Pero, afortunadamente, la cosa tomó, casi sobre la marcha, otros derroteros; la peli se transformó en una maravillosa cinta de terror strictu-sensu y el bueno del Conde Yorga terminó convertido en un icono del género (de culto, of course... pero icono al fin y al cabo). De la vocación inicial algo quedó... es cierto. La pulsión erótica, las chicas guapas y, sobre todo, el cartel de la película que, no me negarán vuesas mercedes, remite sin género de dudas al sexploit... con esas cuatro vampiras sixties-style comiéndose a bocados (literalmente) al desgraciado (o afortunado, según cómo se mire) mocete.
El éxito de la primera película, y la consiguiente recaudación, hicieron que Bob Kelljan pudiera acometer una secuela con un presupuesto mucho más serio (el de la primera era digno de una auténtica producción de serie B) y mayor libertad creativa. Y el resultado fue esta película que ahora cuelgo: "The Return Of Count Yorga".
Según parte de la crítica especializada es muy superior a la primera (llevando la contraria a ese refrán que dice que segundas partes nunca fueron buenas). Aunque al respecto hay opiniones…

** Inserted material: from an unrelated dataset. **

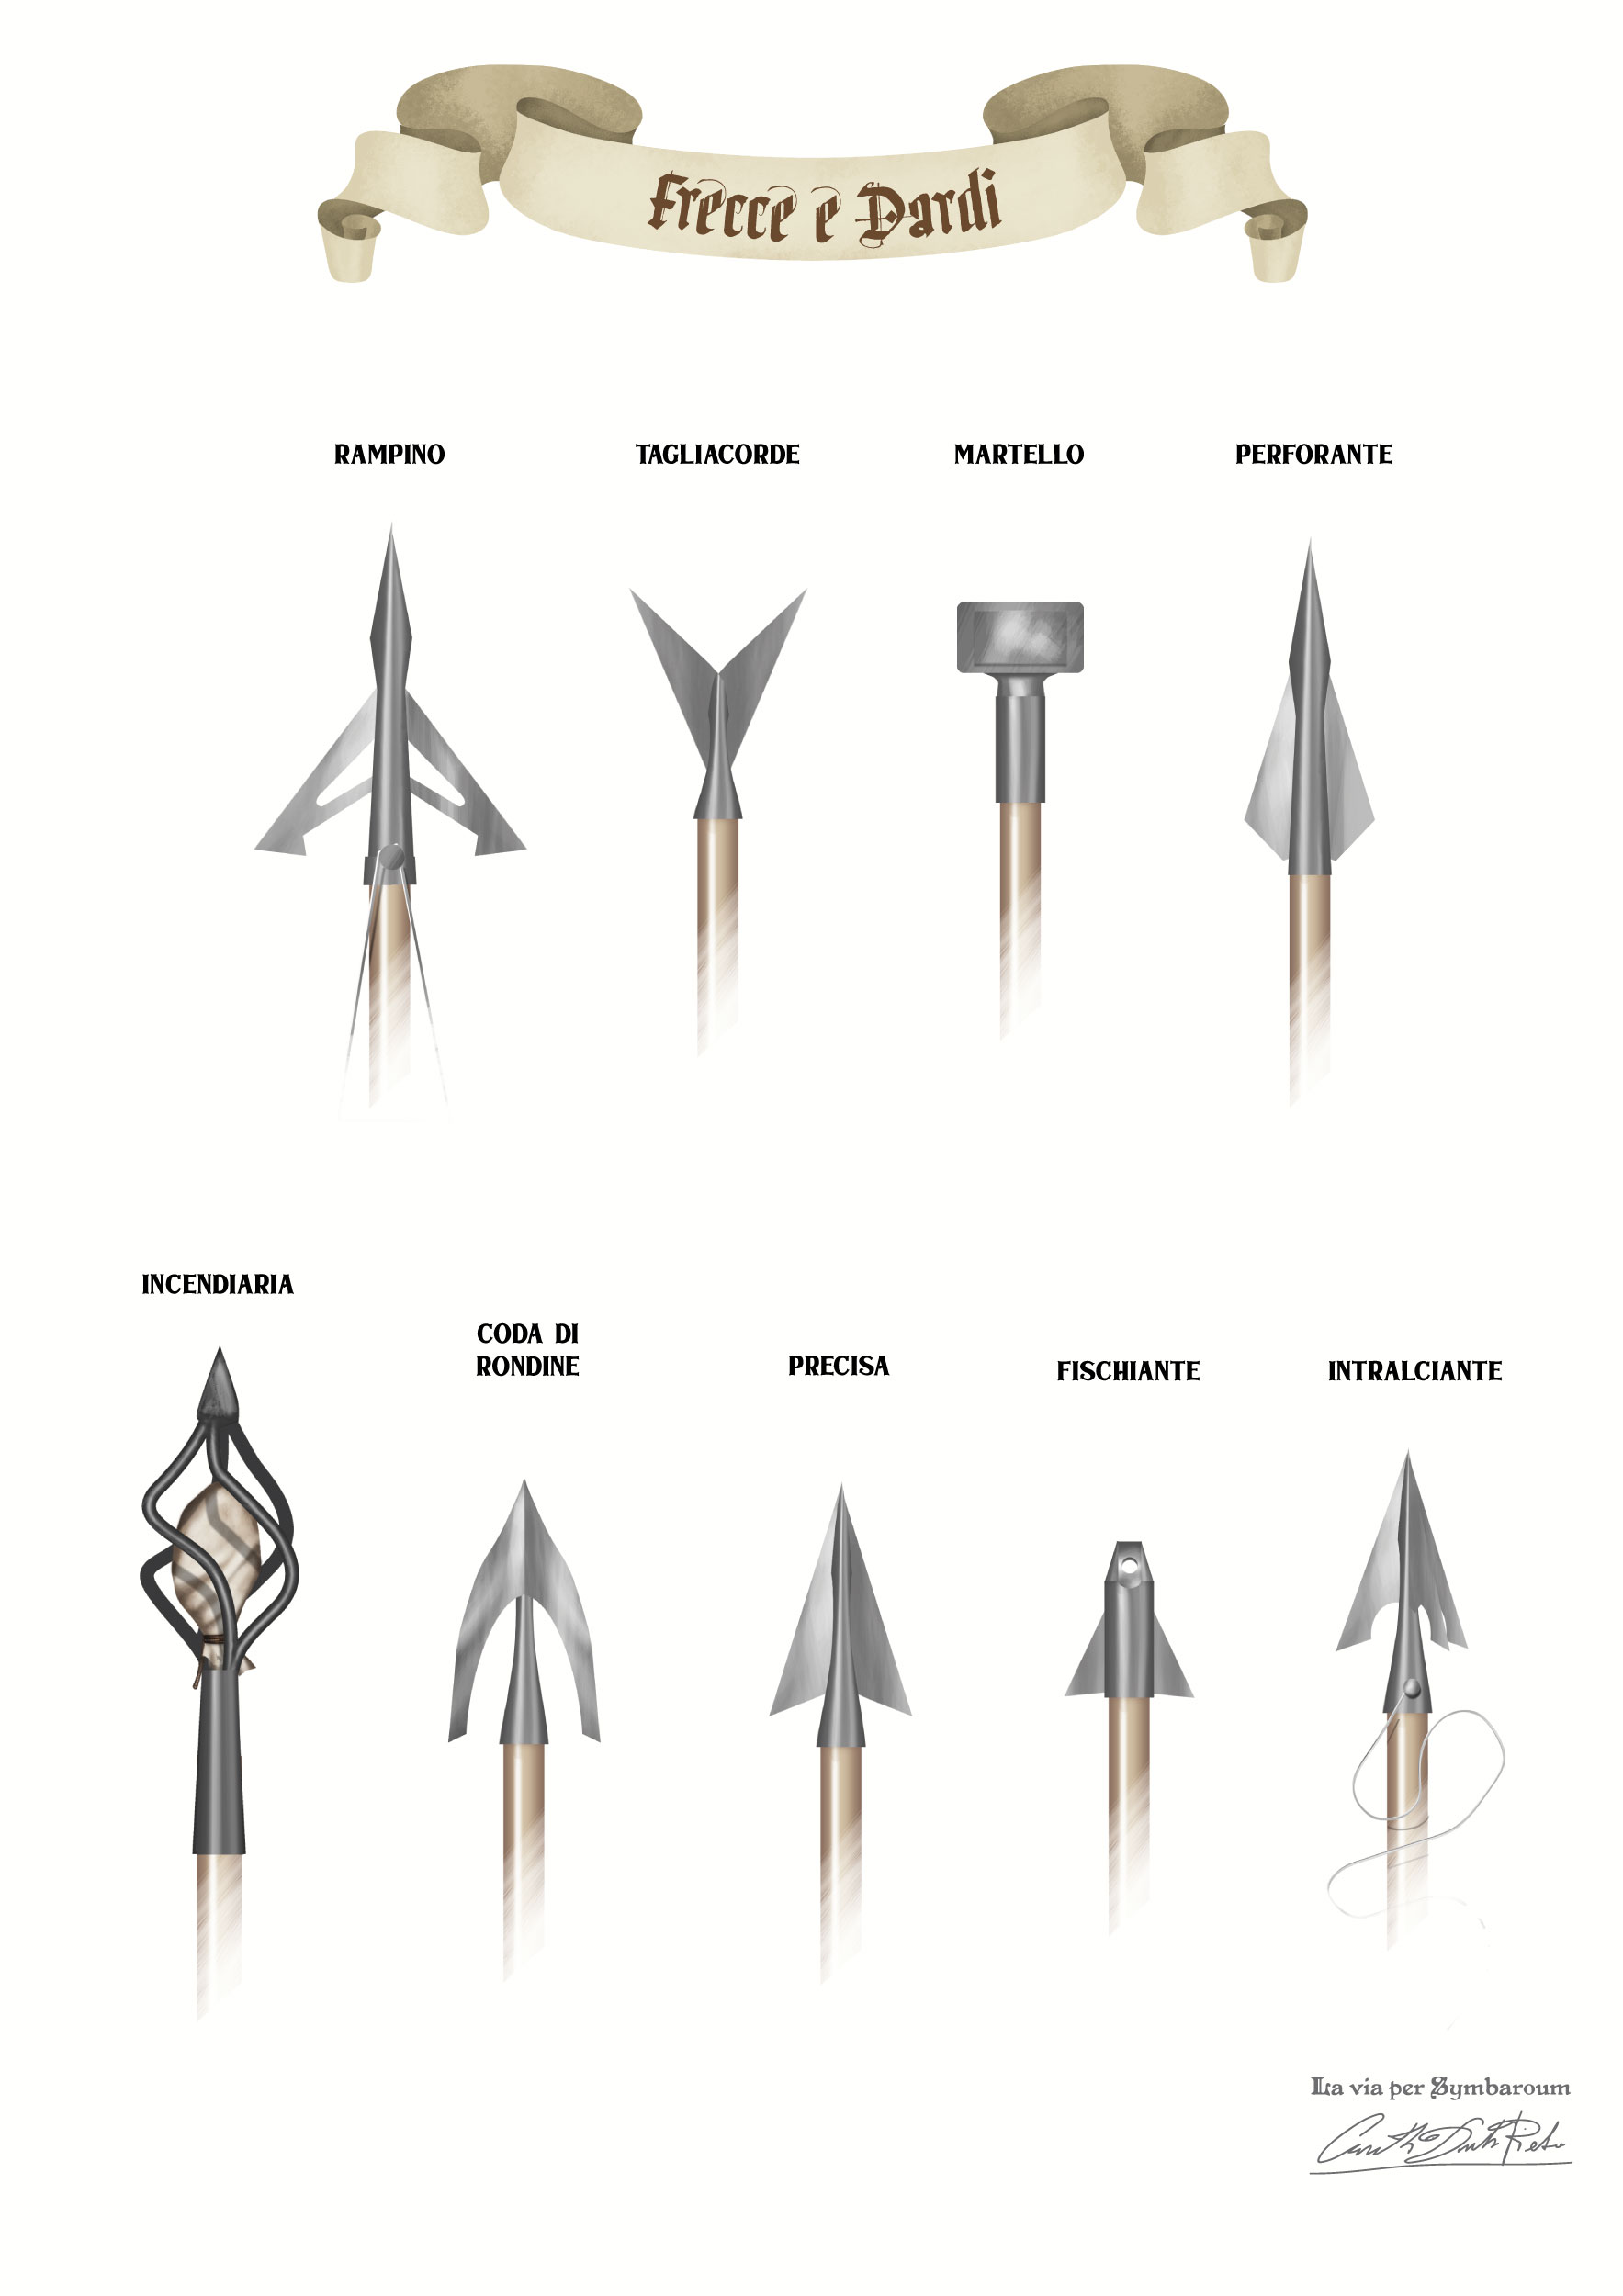 Immagini di punte di frecce e dardi del gioco di ruolo Symbaroum
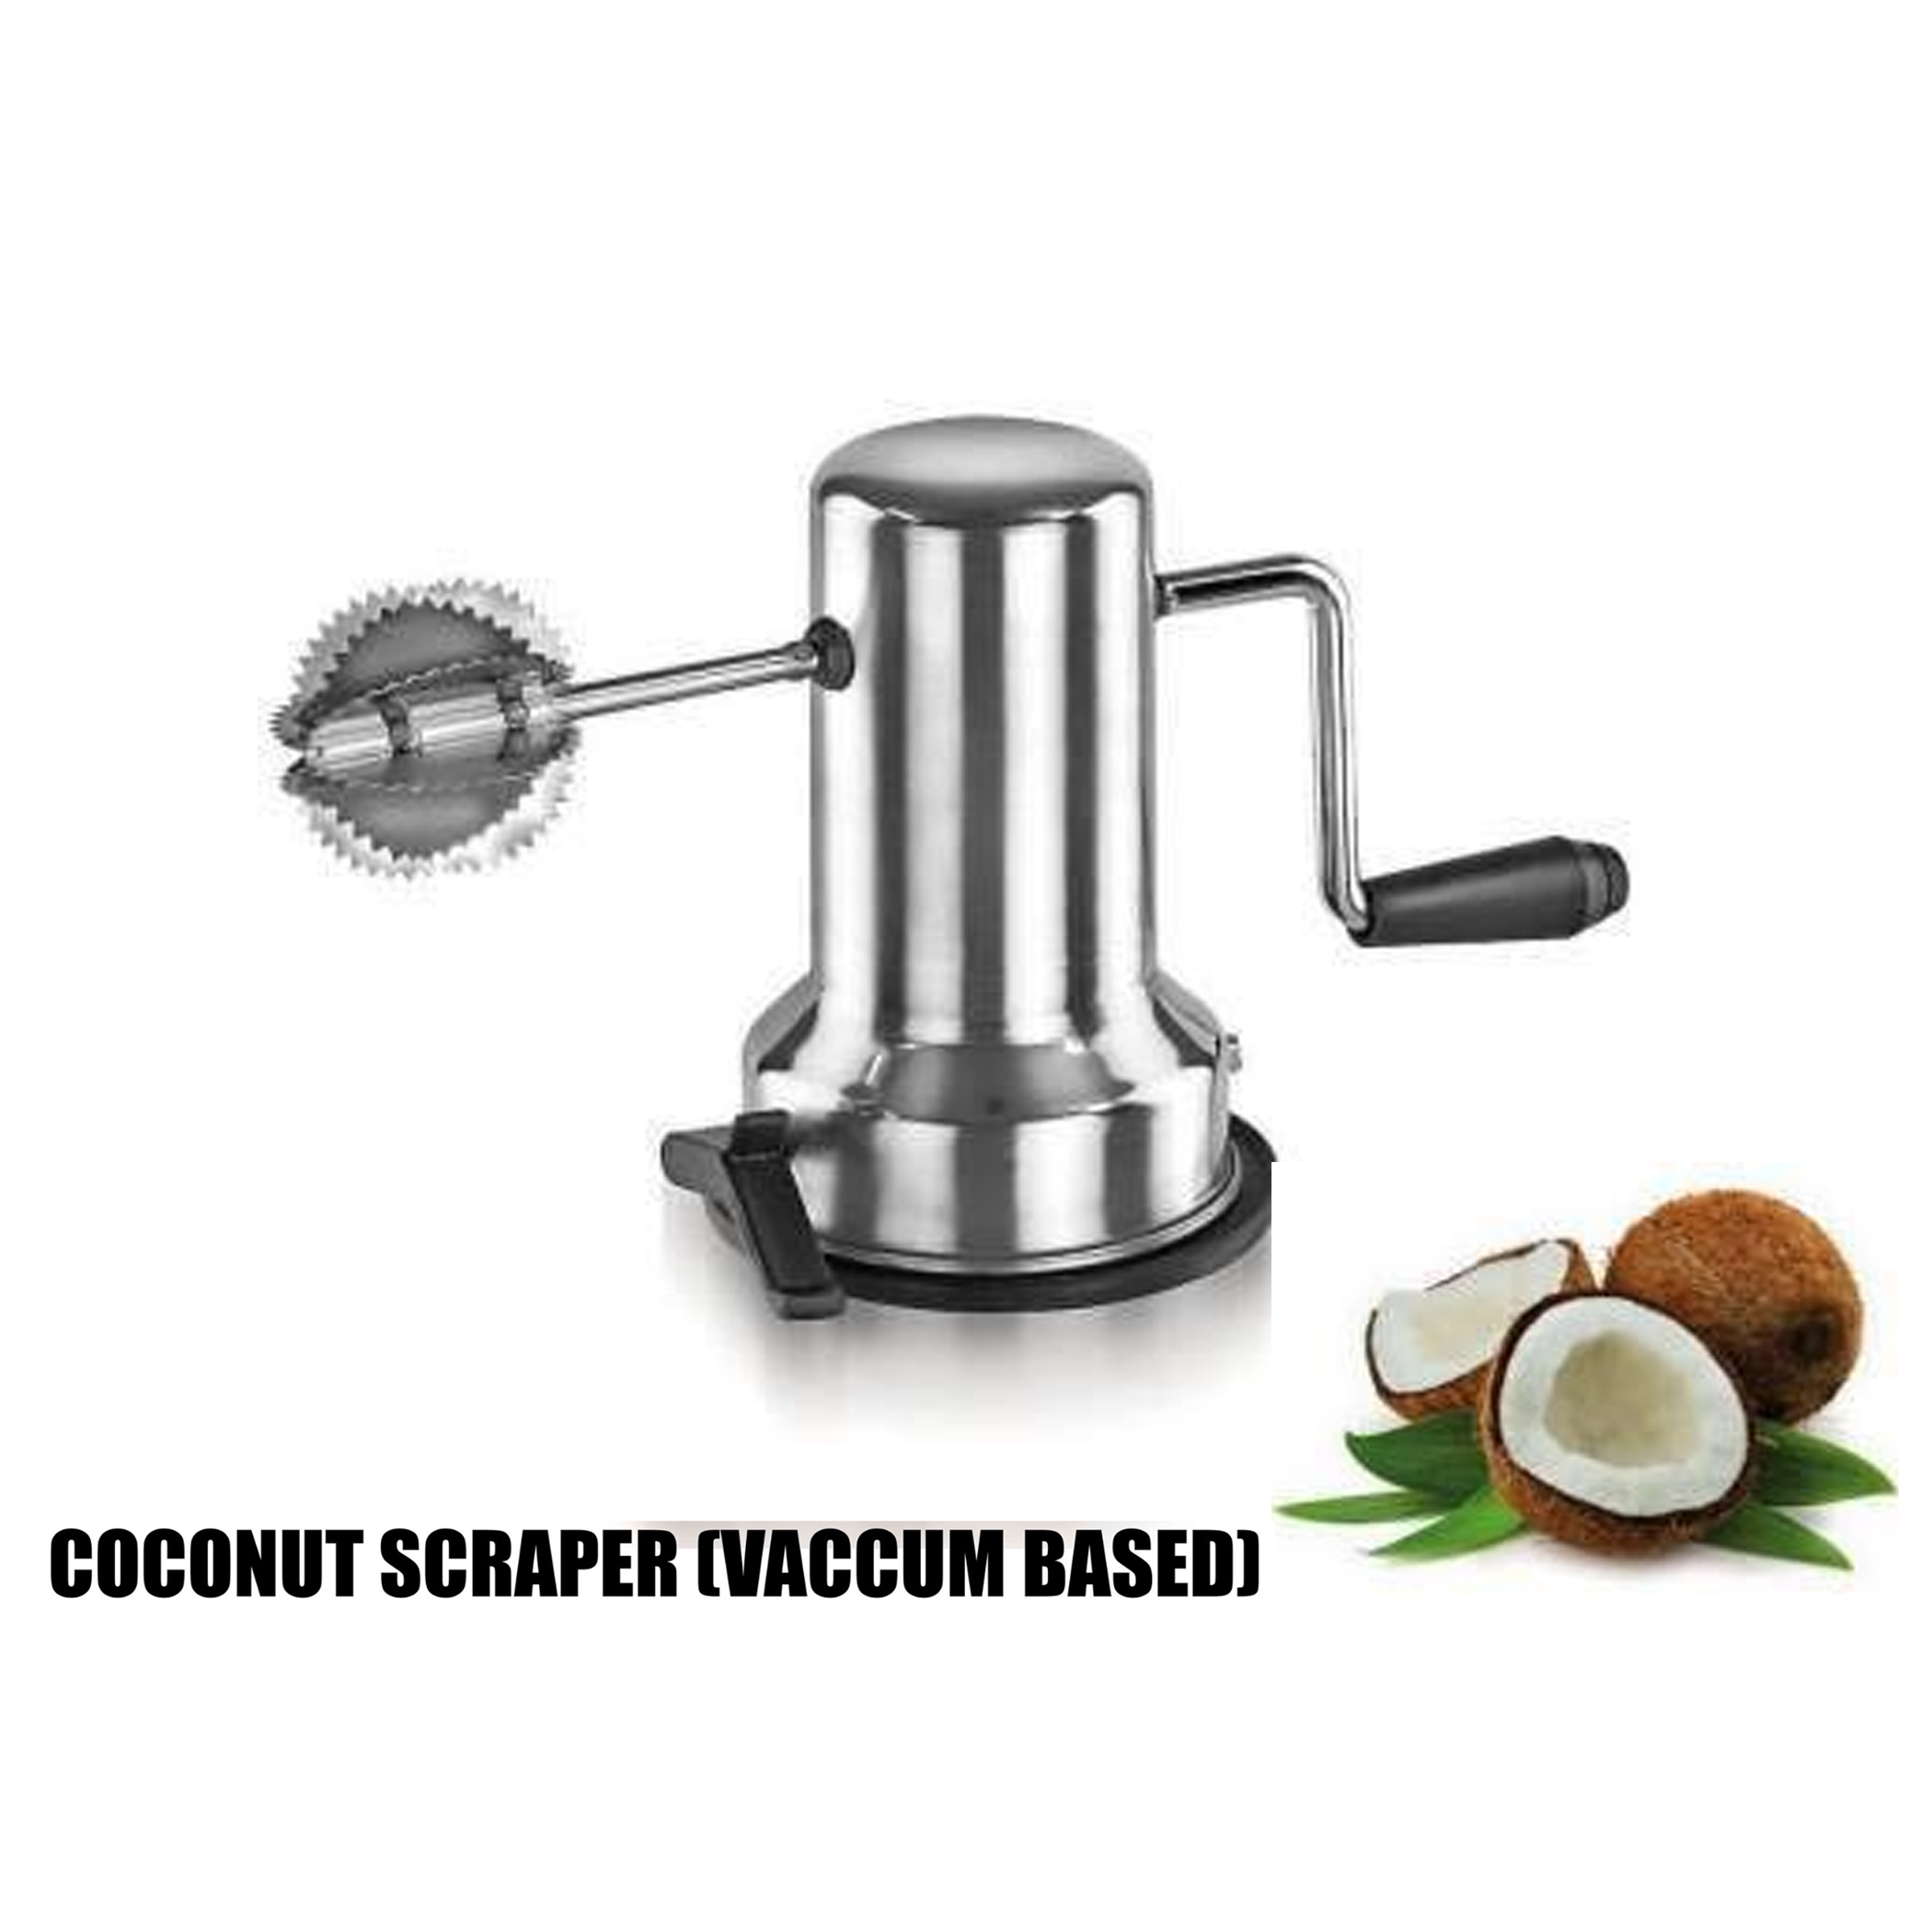 Coconut Scraper - Vaccum Based

Es cierto que se nota el mayor presupuesto; pero además, Kelljan, da un paso más en el tema de la originalidad. Y me explico: es cierto que la primera película suponía un acierto al adaptar el personaje del vampiro a la época actual (1970). Pero también es verdad que la adaptación seguía, paso a paso, la propia historia de Drácula; la misma novela de Bram Stoker que, de una forma u otra había sido llevada a la pantalla tanto por la Universal como por la maravillosa Hammer. El punto de originalidad consistía, realmente, en ambientar la acción en Los Ángeles de 1970, cambiando los nombres y modificando ciertas situaciones y personajes para hacer la cosa más verosímil (pero sin traicionar la esencia, que conste... no hay más que ver la peli para darse cuenta. La historia es básicamente la misma).
En esta segunda película ya no se sigue el patrón de Stoker. Como buena secuela, se da rienda suelta al Conde y se imagina una nueva aventura (lo mismo había hecho antes –y seguía haciendo- la Hammer); lo que da ocasión a incidir en otras cosas, a potenciar aspectos diferentes del personaje y las situaciones.
Lo que, desde mi punto de vista, más destaca en esta película es el salto cualitativo que supone con respecto a la primera en el aspecto de la violencia, la crueldad visual.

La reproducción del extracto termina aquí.